Wrong Answers Can Also Be Useful: PlausibleQA -- A Large-Scale QA Dataset with Answer Plausibility Scores
Jamshid Mozafari, Abdelrahman Abdallah, Bhawna Piryani, Adam Jatowt
TL;DR
PlausibleQA introduces a large-scale QA dataset that explicitly annotates candidate answers with plausibility scores and justifications, addressing the gap where plausible but incorrect answers are undervalued in QA evaluation. The dataset comprises 10,000 questions, 100,000 candidate answers, and up to 1,000,000 total justifications, including 900,000 pairwise comparison justifications, generated through a three-module pipeline (Question Sampling, Candidate Answer Generation, Preparation) and processed with both listwise and pairwise scoring frameworks. Through extensive experiments in MCQA distractor generation and QA robustness assessment (QARA), the authors demonstrate that plausibility-aware evaluation yields more informative distractors and reveals robustness gaps in current LLMs, particularly on harder questions. PlausibleQA thus provides a practical resource to improve QA evaluation, drive targeted model improvements, and enable adaptive, plausibility-informed testing across QA-related tasks.
Abstract
Large Language Models (LLMs) are revolutionizing information retrieval, with chatbots becoming an important source for answering user queries. As by their design, LLMs prioritize generating correct answers, the value of highly plausible yet incorrect answers (candidate answers) tends to be overlooked. However, such answers can still prove useful, for example, they can play a crucial role in tasks like Multiple-Choice Question Answering (MCQA) and QA Robustness Assessment (QARA). Existing QA datasets primarily focus on correct answers without explicit consideration of the plausibility of other candidate answers, limiting opportunity for more nuanced evaluations of models.

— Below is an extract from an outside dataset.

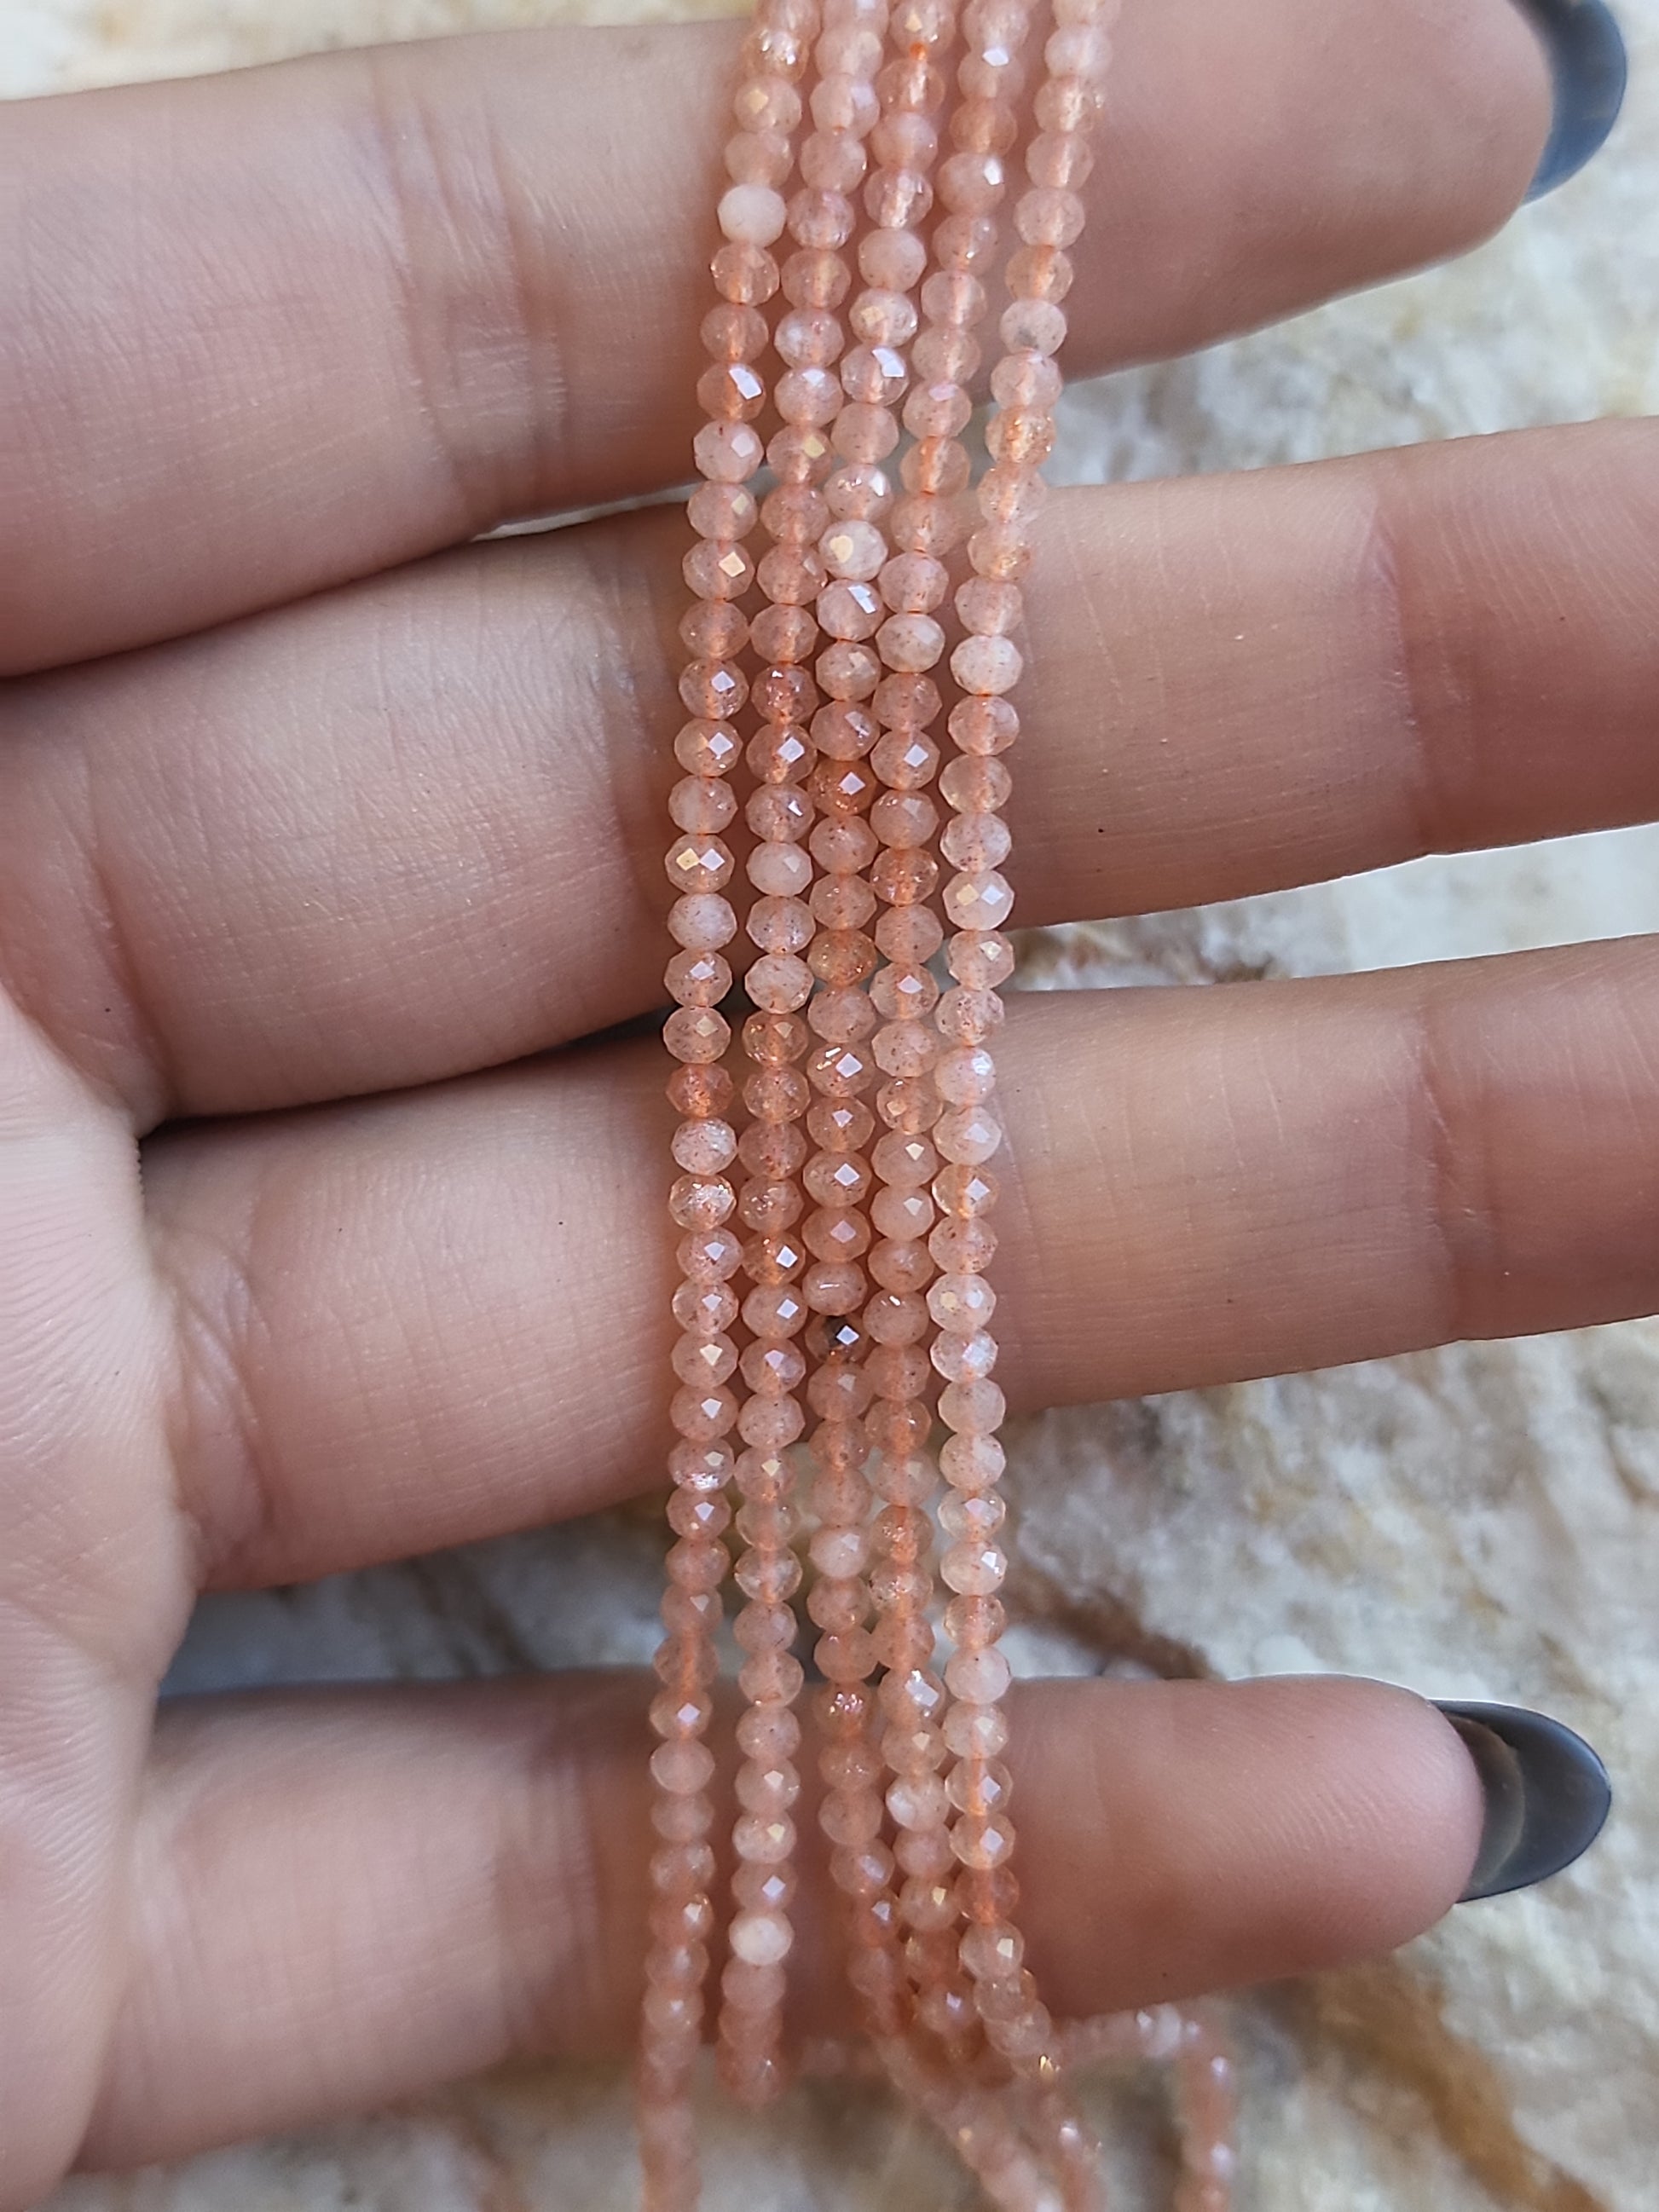 Crafting supplies such as faceted sunstone rondelle beads available at wholesale and retail prices, only at our crystal shop in San Diego!

To address this gap, we introduce PlausibleQA, a large-scale dataset comprising 10,000 questions and 100,000 candidate answers, each annotated with plausibility scores and justifications for their selection. Additionally, the dataset includes 900,000 justifications for pairwise comparisons between candidate answers, further refining plausibility assessments. We evaluate PlausibleQA through human assessments and empirical experiments, demonstrating its utility in MCQA and QARA analysis. Our findings show that plausibility-aware approaches are effective for MCQA distractor generation and QARA. We release PlausibleQA as a resource for advancing QA research and enhancing LLM performance in distinguishing plausible distractors from correct answers.